Kopfgrafik Betreuungsverfügung

Betreuungsverfügung

Wenn Sie nicht mehr entscheidungsfähig sind und keine Vorsorgevollmacht erteilt haben, wird das Betreuungsgericht eine gesetzliche Vertretung für Sie bestellen. In einer Betreuungsverfügung können Sie im Voraus festlegen, wer damit beauftragt werden soll - und wer dafür keinesfalls in Frage kommt. Das Gericht berücksichtigt Ihre Vorgaben und überwacht die  gewählte Betreuerin oder den Betreuer.

Das Gericht hört Sie im Rahmen des Betreuungsverfahrens auch zur Frage an, wen Sie gegebenenfalls als Betreuerin oder Betreuer wünschen. Falls Sie sich nicht mehr äußern können, hat das Gericht Wünsche, die Sie zuvor festgelegt haben, zu berücksichtigen. Dies geschieht zweckmäßig in einer schriftlichen vorsorgenden Verfügung für den Betreuungsfall, auch „Betreuungsverfügung“ genannt.

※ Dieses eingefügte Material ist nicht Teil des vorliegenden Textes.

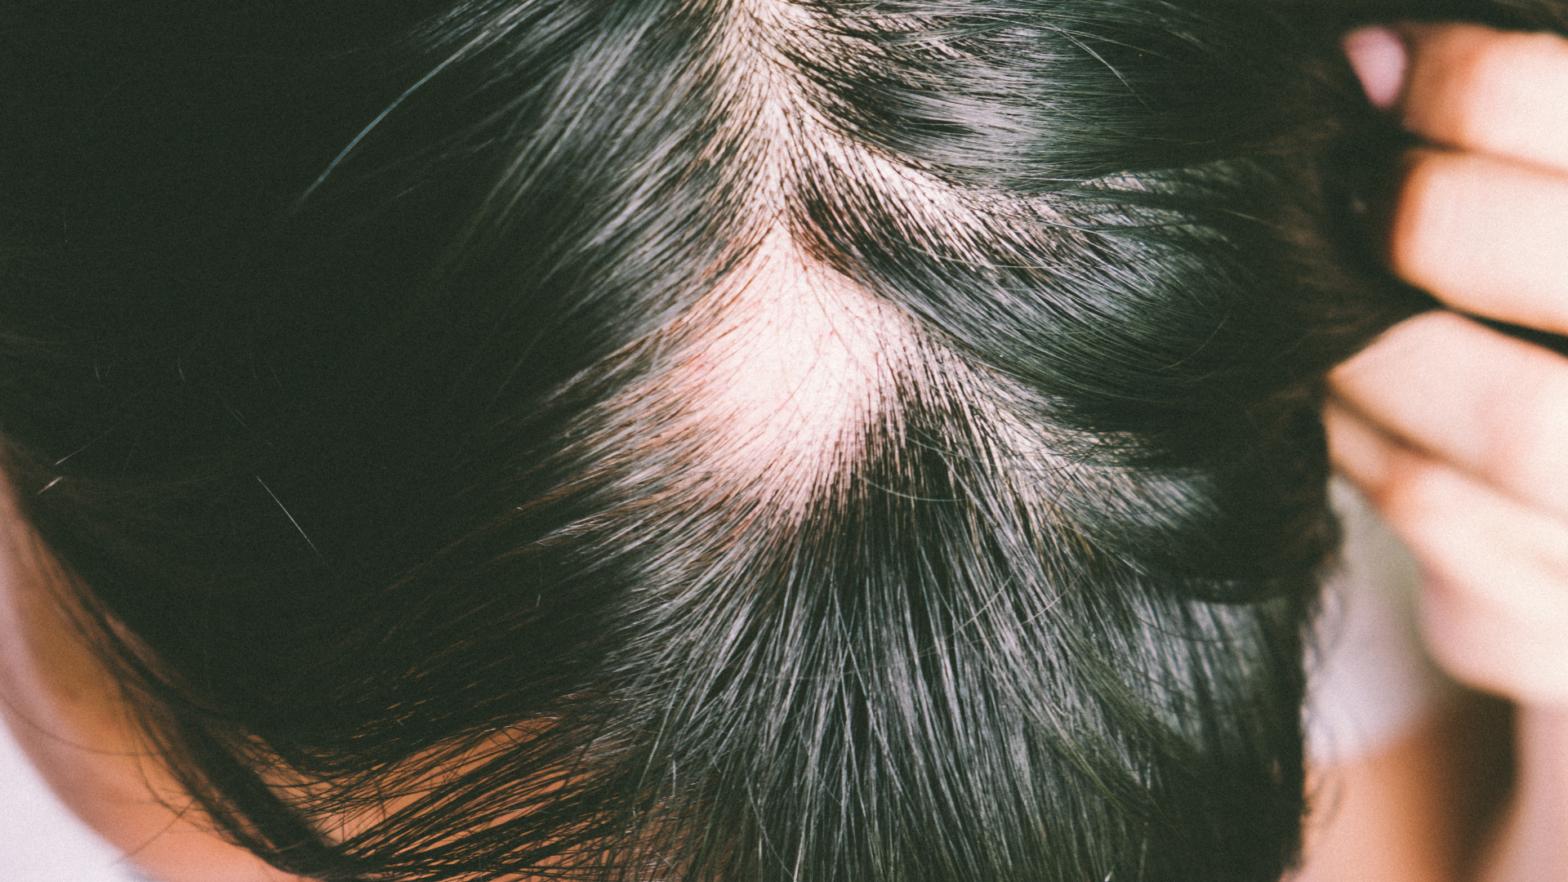 Covid e queda de cabelo

Ihre Wünsche sind verbindlich

Sie können darin bestimmen, wer mit Ihrer Betreuung beauftragt werden soll. Sie können aber auch festlegen, wer keinesfalls für diese Aufgaben in Betracht kommt. In der Betreuungsverfügung kann beispielsweise zudem festgehalten werden, welche Wünsche und Gewohnheiten von der betreuenden Person  respektiert werden sollen, ob Sie im Pflegefall zu Hause oder in einem Pflegeheim versorgt werden wollen oder welches Alten- oder Pflegeheim Sie bevorzugen. Diese Wünsche sind für das Gericht und die betreuende Person grundsätzlich verbindlich, außer sie würden Ihrem Wohl zuwiderlaufen oder Sie haben einen Wunsch erkennbar aufgegeben oder die Erfüllung eines Wunsches kann der betreuenden Person nicht zugemutet werden.

Verfügung und Vollmacht

In einer  Betreuungsverfügung können Sie auch regeln, dass die von Ihnen bevollmächtigte Person für Ihre Betreuung ausgewählt werden soll, wenn trotz der Vollmacht eine Betreuerbestellung notwendig werden sollte.

Aufschreiben, unterschreiben, registrieren

Eine Betreuungsverfügung ist nicht an eine bestimmte Form gebunden. Es empfiehlt sich aber, sie aufzuschreiben und zu unterschreiben, damit möglichst keine Zweifel an der Echtheit und Verbindlichkeit Ihrer Verfügung entstehen.

Die Betreuungsverfügung richtet sich an das Betreuungsgericht Ihres Wohnortes. Hinsichtlich der Form und der Aufbewahrung gilt das über die Vorsorgevollmacht Gesagte entsprechend. Es ist sehr zu empfehlen, auch die Betreuungsverfügung im Zentralen Vorsorgeregister bei der Bundesnotarkammer registrieren zu lassen. Auf diese Weise wird sichergestellt, dass das Gericht die Verfügung tatsächlich kennt und Ihrem Willen Geltung verschaffen kann.